Они вернулись домой, где домработница уже готовила одежду для новорожденного. Предположительная дата родов была совсем близко, и Ай Цин хотел, чтобы это случилось дома и он мог сидеть рядом с женой и наблюдать за появлением на свет этого нового, незапланированного члена семьи. Ребенок родился 18 мая 1957 года в два часа пополудни. Когда акушерка обрезала обмотавшуюся вокруг моей шеи пуповину, на выбеленный потолок брызнула кровь — словно «облако цветущей вишни», заметил отец.
Отец наугад открыл «Цыхай»[25] («Океан слов»), закрыл глаза и ткнул пальцем.
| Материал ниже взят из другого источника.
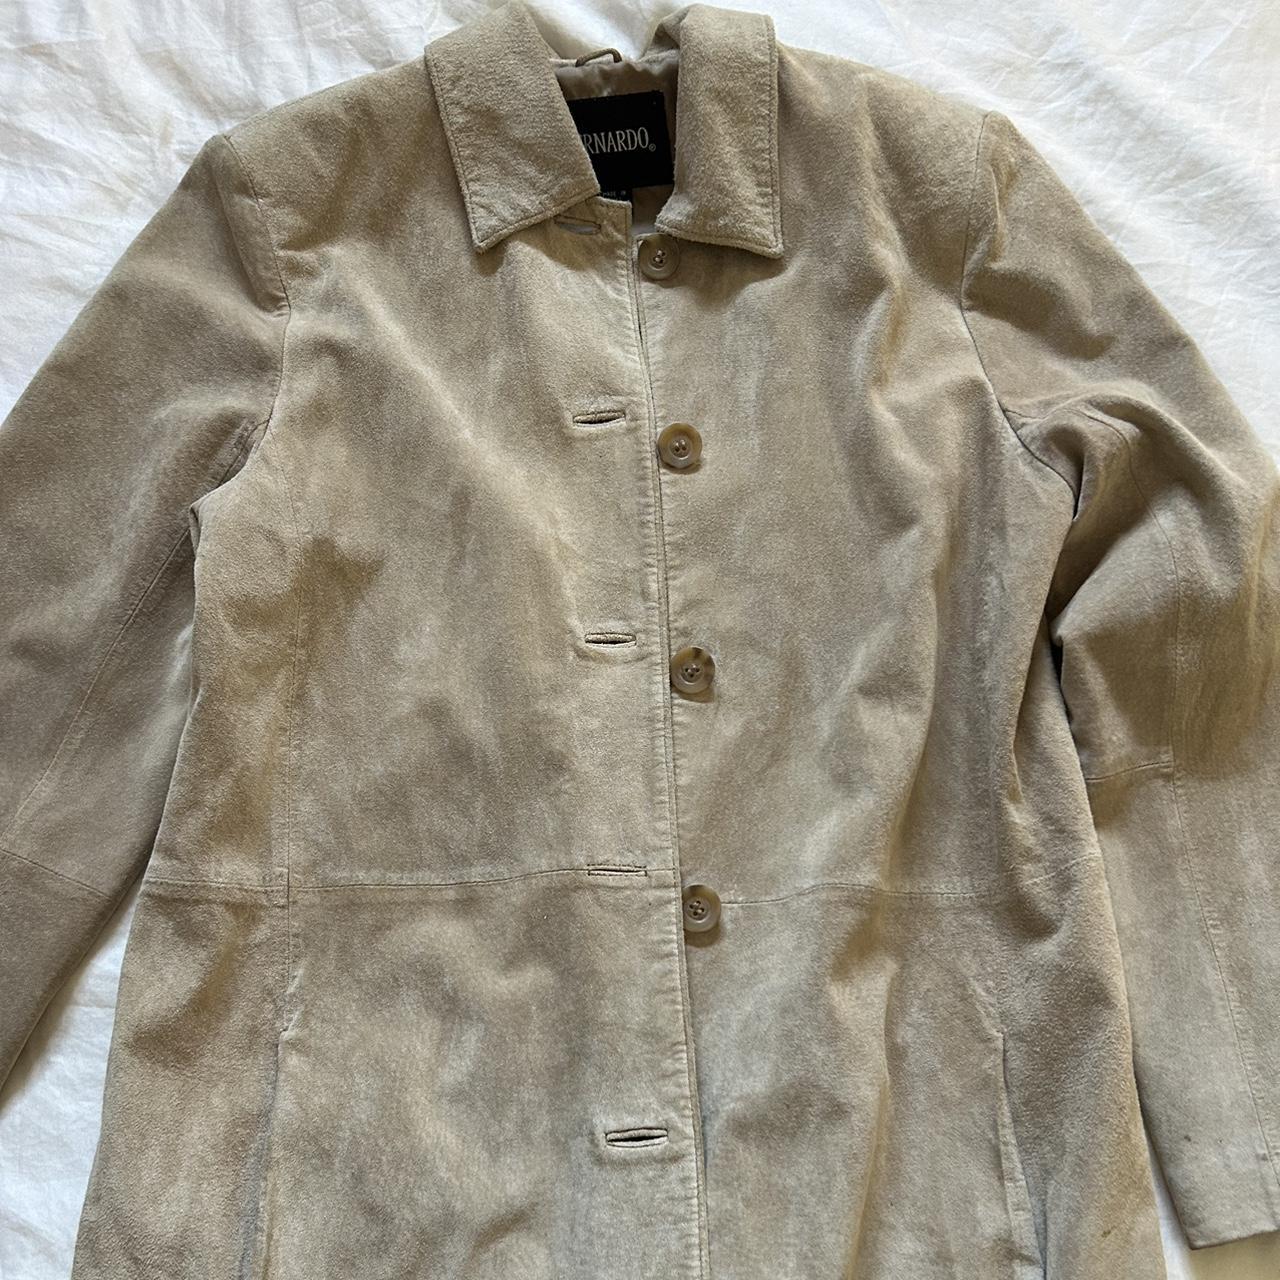 Tan suede jacket, minor imperfections M/L but i like... - Depop

Палец угодил в иероглиф «вэй»
который означает «еще нет». «Давай назовем его Вэйвэй», — сказал он.Вскоре после моего появления на свет родители вступили в самую тяжелую пору жизни, и, по их наблюдениям, именно с меня начались их злоключения. На самом деле, конечно, трагична не только судьба отца: сотни тысяч интеллектуалов стали жертвами расправы. Только недавно Мао настаивал, что сто цветов должны расцветать и сто направлений научной мысли должны соперничать, и вдруг он радикально сменил позицию. В эссе, озаглавленном «Дело принимает другой оборот», которое в партии стали распространять 12 июня 1957 года, он использовал термин «правый элемент» для обозначения критиков партии. Он считал, что эти поклонники буржуазного либерализма принципиально против монополии Коммунистической партии на власть.
Оказалось, что все эти разговоры, поощряющие честное обсуждение, были всего лишь спланированной попыткой «выманить змею из норы». В ходе апрельского совещания некоторые сказали то, что на самом деле думали, и Мао решил, что они стремятся к власти. Угрозу, исходящую от «правых элементов», он описывал все более зловещими словами: «Противоречие между буржуазными правыми элементами и народом — враждебное, неразрешимое, смертельное». Неуверенность в себе и обида заставили Мао дегуманизировать своих критиков в гротескной манере: «Целая стая рыб сейчас сама всплыла на поверхность, и нет необходимости браться за удочку. Притом всплыли не обычные рыбы, а, вероятно, акулы с острыми зубами, которые тщетно пытаются уничтожить коммунистическую партию».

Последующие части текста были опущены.